Now you need to create a row batch, set the data, and write it to the file as the batch fills up. When the file is done, close the Writer.

uint64_t batchSize = 1024, rowCount = 10000;
std::unique_ptr<ColumnVectorBatch> batch =
  writer->createRowBatch(batchSize);
StructVectorBatch *root =
  dynamic_cast<StructVectorBatch *>(batch.get());
LongVectorBatch *x =
  dynamic_cast<LongVectorBatch *>(root->fields[0]);
LongVectorBatch *y =
  dynamic_cast<LongVectorBatch *>(root->fields[1]);

uint64_t rows = 0;
for (uint64_t i = 0; i < rowCount; ++i) {
  x->data[rows] = i;
  y->data[rows] = i * 3;
  rows++;

  if (rows == batchSize) {
    root->numElements = rows;
    x->numElements = rows;
    y->numElements = rows;

    writer->add(*batch);
    rows = 0;
  }
}

if (rows != 0) {
  root->numElements = rows;
  x->numElements = rows;
  y->numElements = rows;

  writer->add(*batch);
  rows = 0;
}

writer->close();

Reading ORC Files

To read ORC files, include OrcFile.hh file to create a orc::Reader that contains the metadata about the file.

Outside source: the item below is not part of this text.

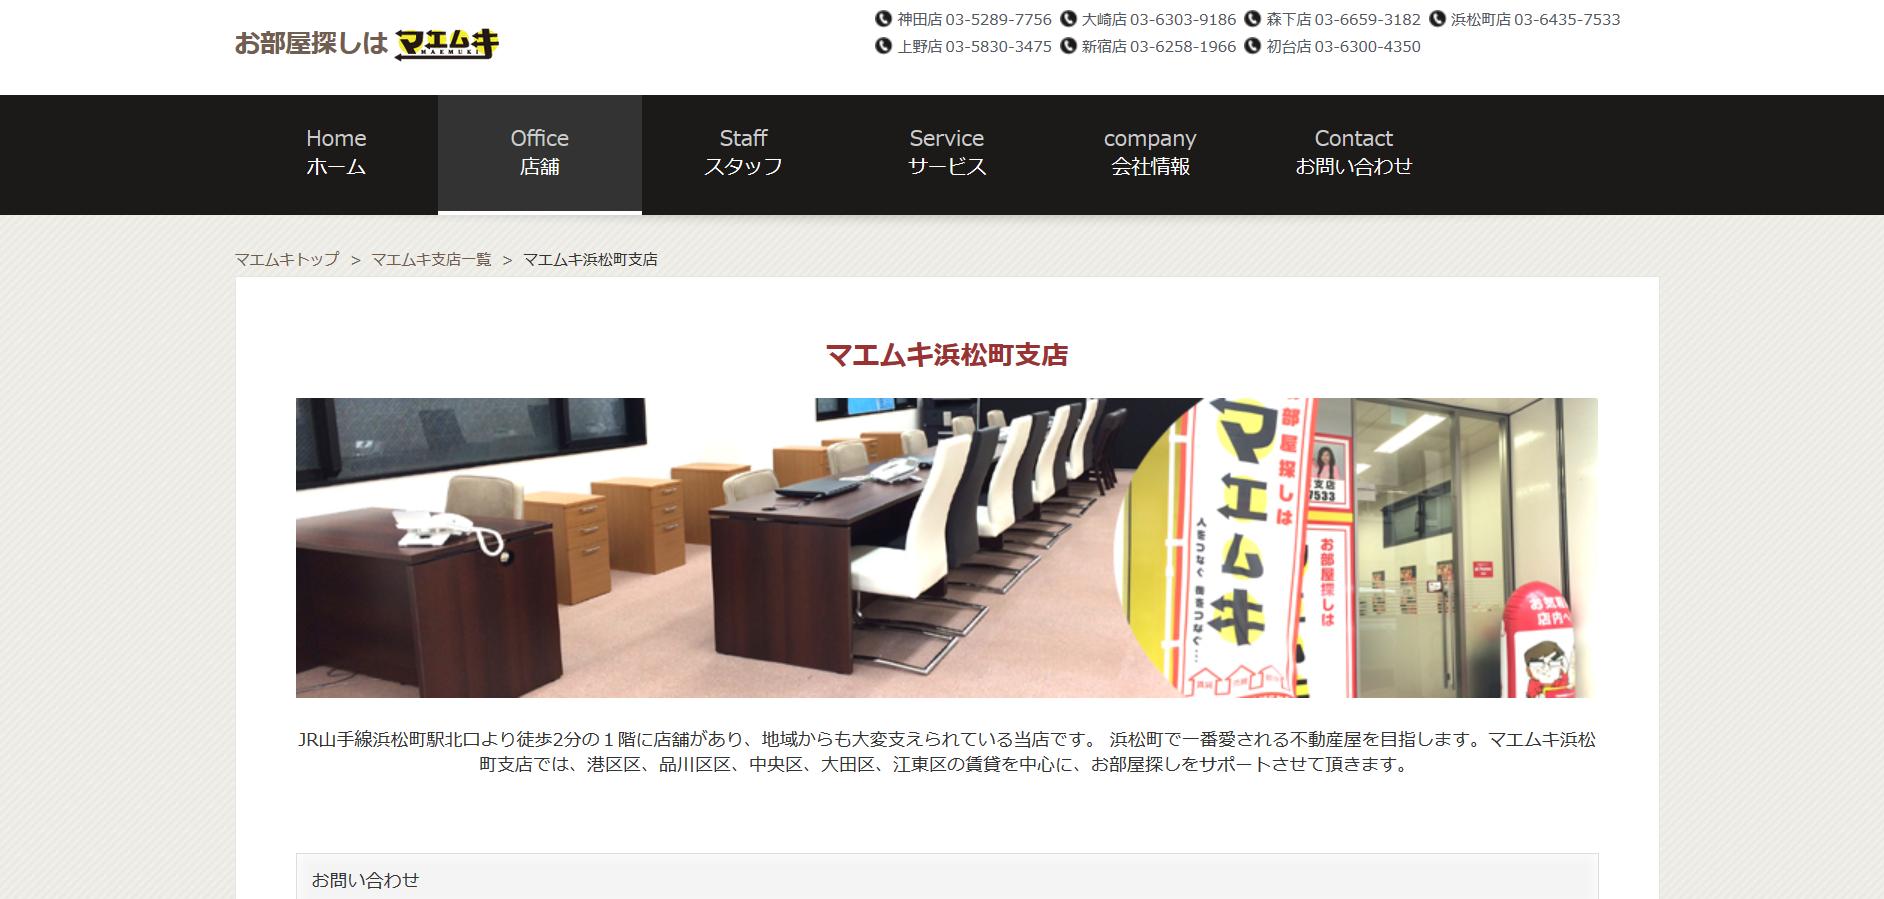 マエムキ 浜松町支店

There are a few options to the orc::Reader, but far fewer than the writer and none of them are required. The reader has methods for getting the number of rows, schema, compression, etc. from the file.

std::unique_ptr<InputStream> inStream =
  readLocalFile("my-file.orc");
ReaderOptions options;
std::unique_ptr<Reader> reader =
  createReader(inStream, options);

To get the data, create a orc::RowReader object. By default, the RowReader reads all rows and all columns, but there are options to control the data that is read.

RowReaderOptions rowReaderOptions;
std::unique_ptr<RowReader> rowReader =
  reader->createRowReader(rowReaderOptions);
std::unique_ptr<ColumnVectorBatch> batch =
  rowReader->createRowBatch(1024);

With a orc::RowReader the user can ask for the next batch until there are no more left. The reader will stop the batch at certain boundaries, so the returned batch may not be full, but it will always contain some rows.

while (rowReader->next(*batch)) {
  for (uint64_t r = 0; r < batch->numElements; ++r) {
    ... process row r from batch
  }
}